Living (and Dying) in the Rest of the Real World
Not every song on Lights and Sounds sings of La-La Land dystopia, though. For those familiar with the movie Big Fish, about the relationship between a tall-tale-telling father and his son, the song "How I Go" will spark memories ("I could tell you the wildest of tales/My friend the giant and traveling sales/Tell you all the times that I failed/Years all behind me the stories I exhaled").
More poignant are "Words, Hands, Hearts," about the 9/11 attacks ("The whole world was sleeping and I was there/You could just sense this feeling in the air/Like no one's words were good enough/To define what we fear") and the antiwar song "Two Weeks From Twenty" ("We lost another one that we sent with a gun/They're gonna miss him he was two weeks from twenty").
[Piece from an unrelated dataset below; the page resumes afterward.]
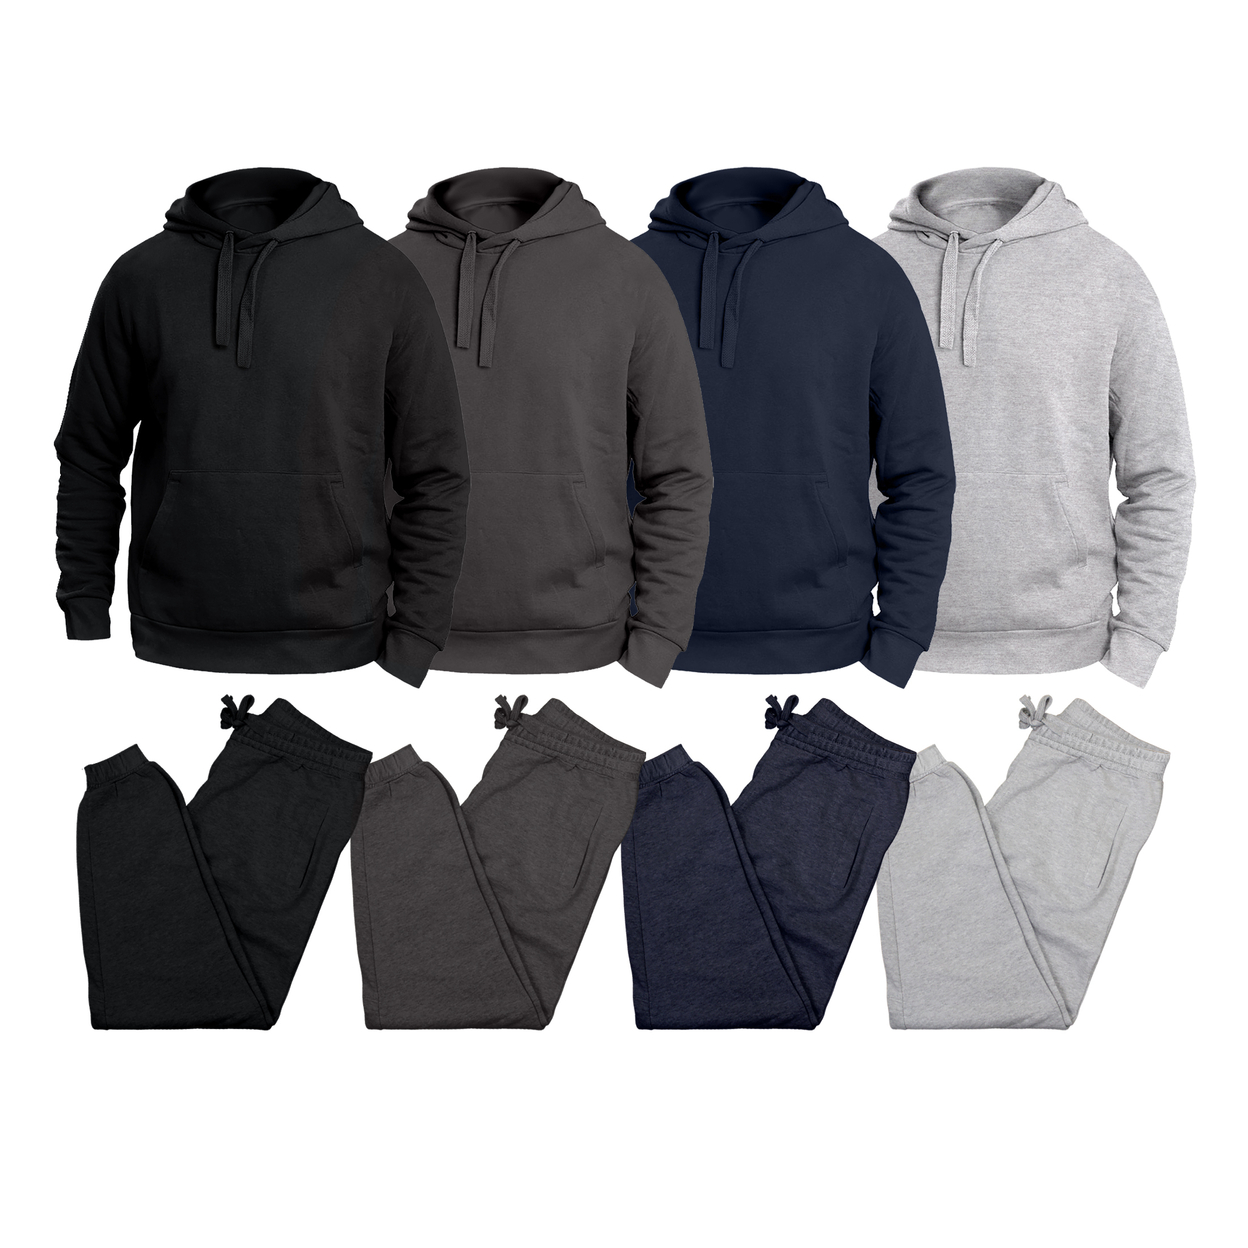 Multi-Pack: Big & Tall Men's Winter Warm Cozy Athletic Fleece Lined Multi-Pocket Cargo Sweatsuit - Grey, 1-pack, Medium

That song also takes swipes at President Bush ("And there's still no shame/From the man to blame"), which is not surprising considering Yellowcard's presence on the Rock Against Bush Tour in 2004.
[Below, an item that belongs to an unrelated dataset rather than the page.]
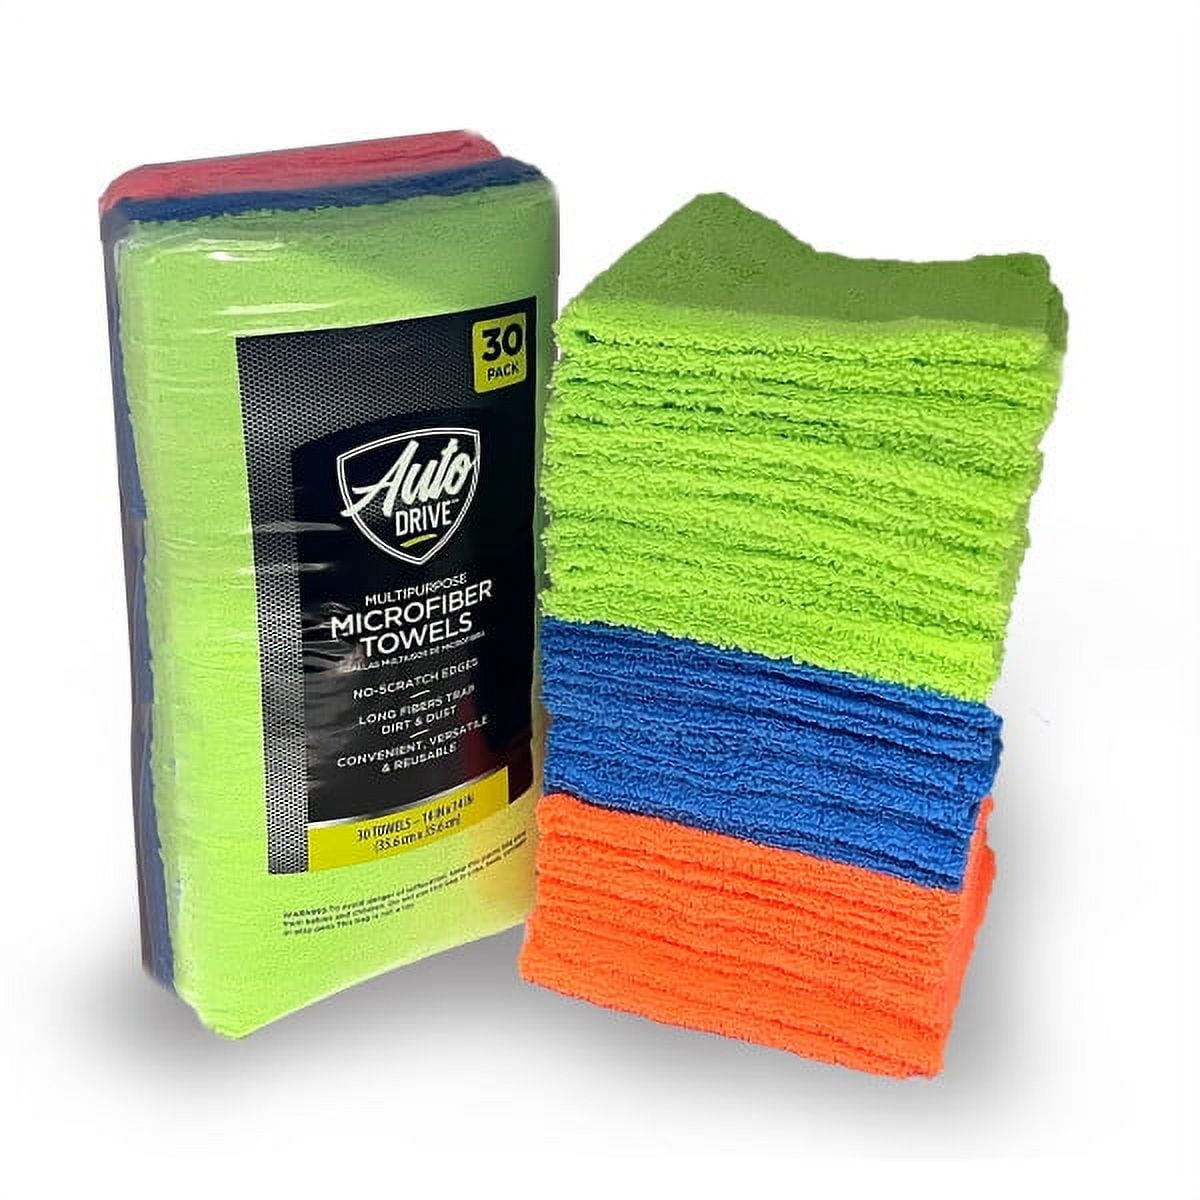 Auto Drive Multipurpose Microfiber Towels, Multicolor, 30 Count

More troublesome is the mysteriously titled "Martin Sheen or JFK," which seems to hint at suicide as a solution ("Here it is one more glass for these broken hands/Goes down for you/I've fallen in I sink then swallow I never meant/To see this through/I'm taking them all back for good/To a place where I know that I'm safe").
In soccer the referee will "yellow card" a player for persistently breaking the rules or complaining about a ref's calls. Two yellow cards equals ejection. Yellowcard tends to have a pop-ish, upbeat sound, but when you get under the surface of what they're singing about, you wonder what there is to be bubbly about. Factor in the occasional profanity and you can consider Yellowcard's name its own form of caution.